The ten track release opens with Izlezi and the ears immediately know what they are dealing with – raw raucous new wave. Superbly tempered sounds tumble in to the ears as Fonija is able to get across the rage of it all, within a sound that bristles with sharpened edges.
Next is Sakam Da Zgrešam which has an intense percussion / bass combination that retains a tight control on the track as it spills across the room in a flurry of activity.
Ovoj Den is a fine piece of work as it rapidly builds to its tempo. I particularly enjoy the way that the vocals throughout the LP sit as something of a juxtaposition to the frenetic proceedings on the instruments as a calming influence serenely conducting activities.
Reminding me a little of 999 Ova Ne Sakam Da Bidam is a more melodic construct, whilst retaining the fire and passion of the rest of the release and shows Fonija in a slightly different light as the compositional skills are brought more to the fore.
Closing the first half of Mojot Pekol is my pick of the release Se Budam Pak which within its fleeting two and a half minutes does all that any piece of music needs to do. Creative, expressive, tight and a full storyline. Sublime.
The tracks, although originally named and written in cyrillic are transliterated, though not translated, as best as possible for the purposes of the readers of Emerging Indie Bands.
The second half of LP opens with the title track Mojot Pekol which has something of an american indie pop feel to it and as it surfs around the room the face can’t help but spread into a grin. The sharp change in tempo at just over two minutes into the track catches the listener unawares to test if they are still paying attention, before settling back into the rhythm for the final minute. I like this for its cheek.

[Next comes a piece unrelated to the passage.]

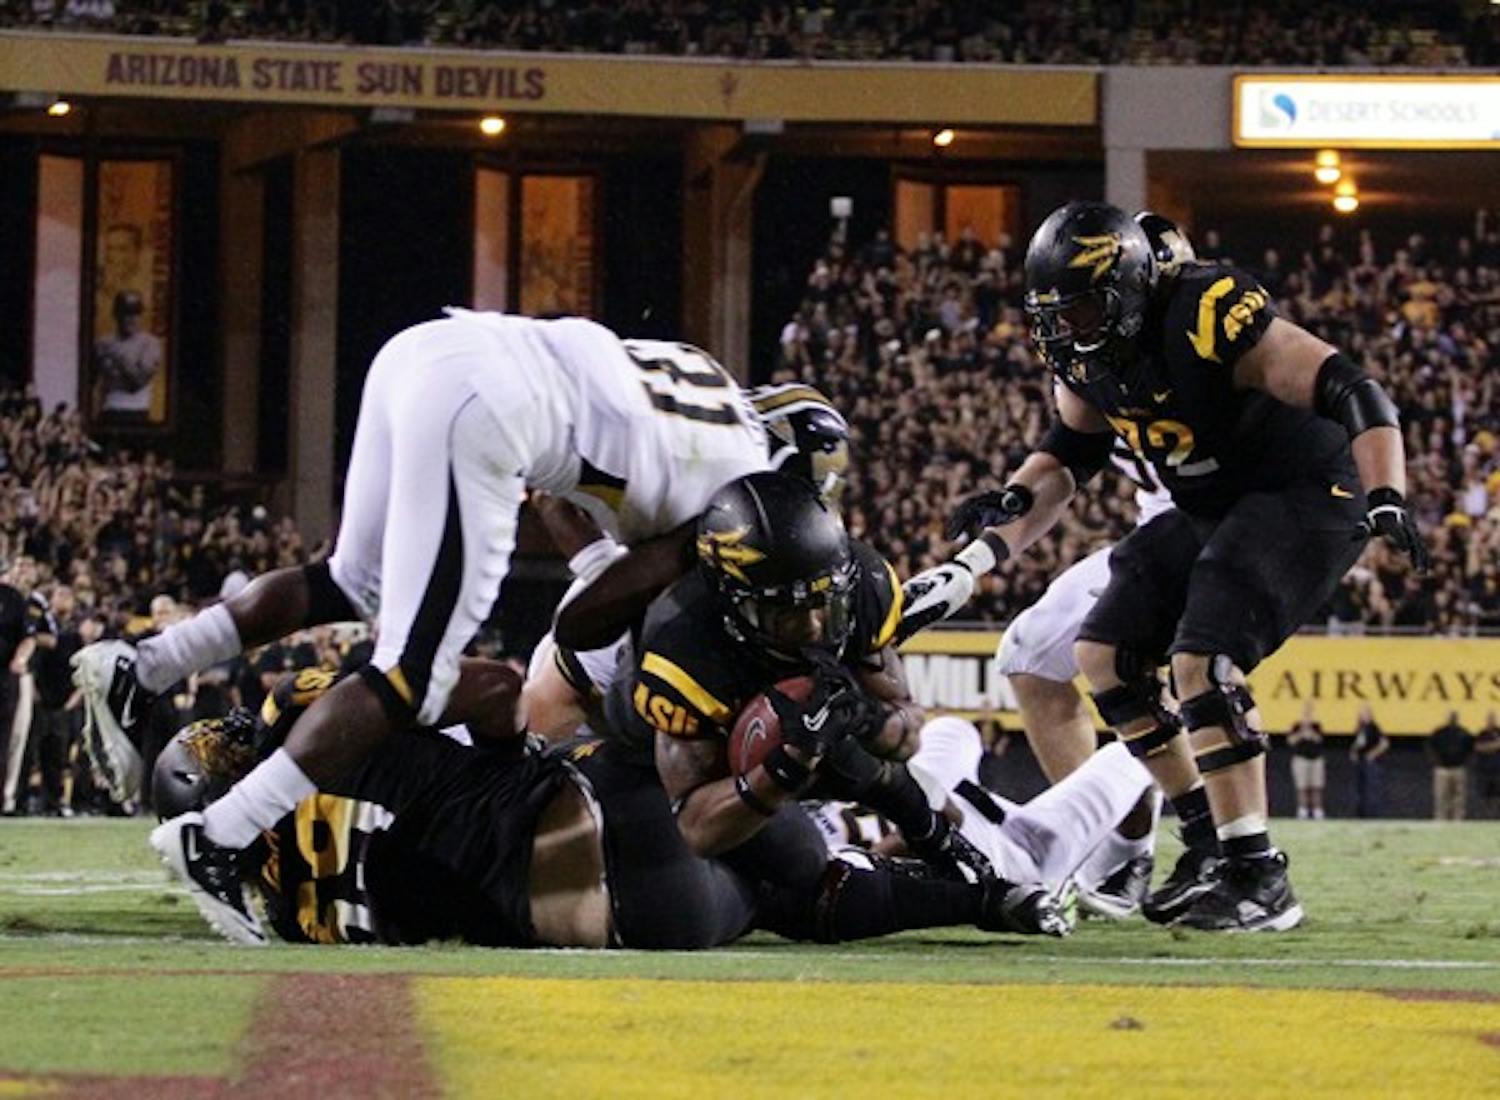 REACHING FOR IT: ASU junior wide reciever Jamal Miles stretches across the goal line for the game-winning touchdown in overtime against Mizzou. (Photo by Beth Easterbrook)
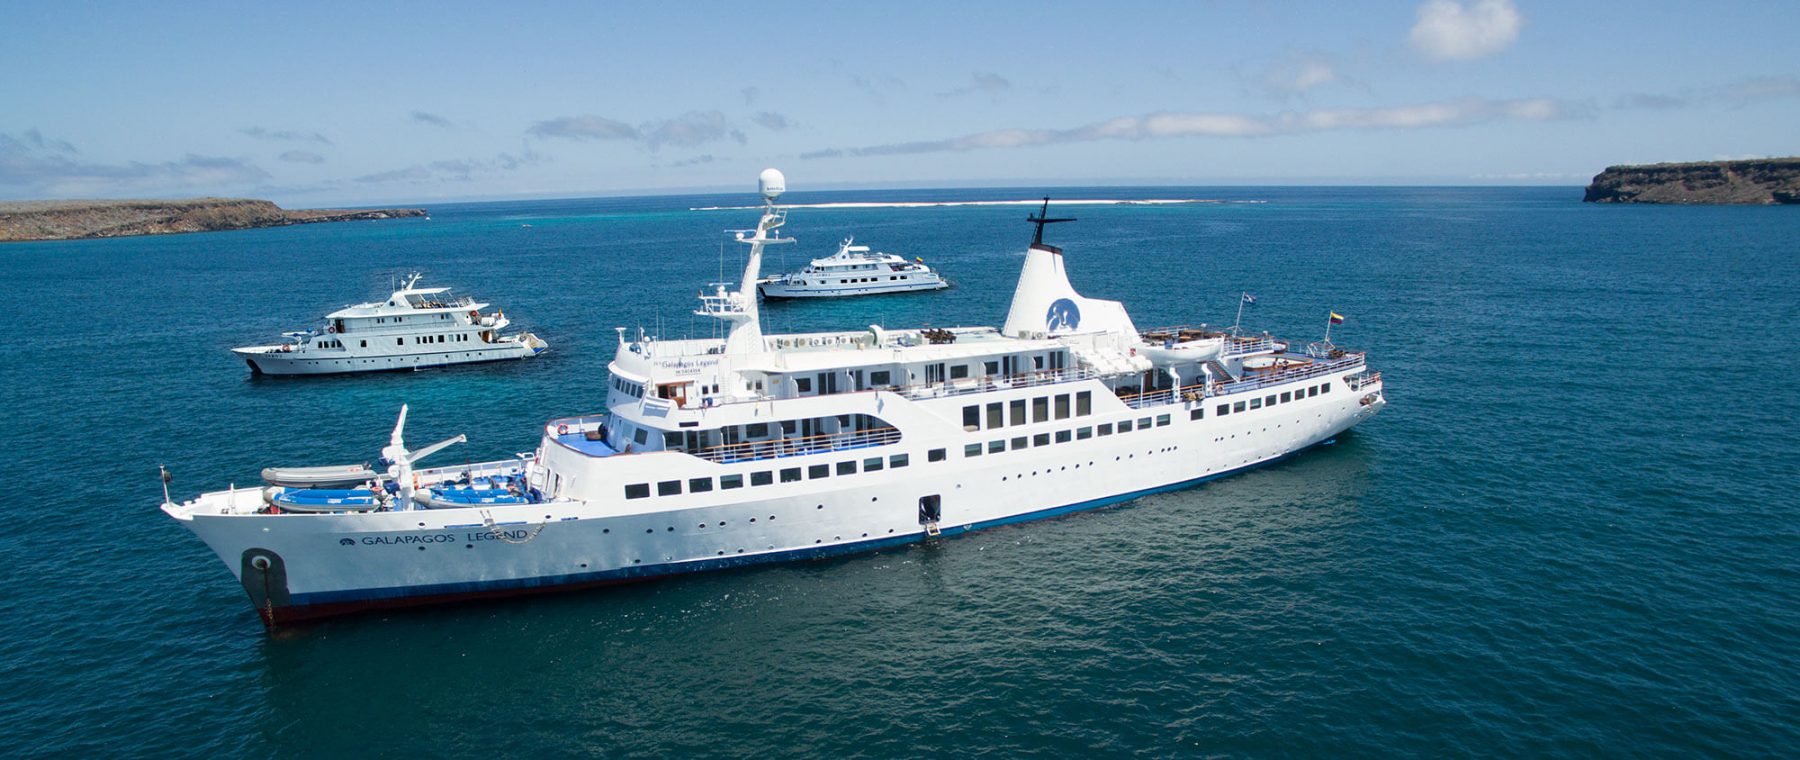 Our Galapagos Cruise Vessels are the charm of the islands.

Tuka Si continues the release in good stead with under two and a half minutes of thunderous rock and the absolute confidence of the trio is given a spotlight as it it hasn’t already in the LP thus far, as Fonija flips the switch and heads over to influences from the likes of Shonen Knife from Japan.
Sedam I Čekam is worth the value of the LP on its own as the powerhouse of the trio re-engages through the speakers with a delightfully earthy high energy number which just demands being replayed immediately.
Sadly we now come to the final two tracks on the release Ne Postojam which retains the frenetic energy of the rest of the release with more than a hint of shoegaze as Fonija continue to raise surprises throughout the release.
Concluding with Najdolgiot Pat which brings to a close 26 minutes of superb output and wrapping up a ten track LP inside half an hour, as you know, just by its very nature gets my vote.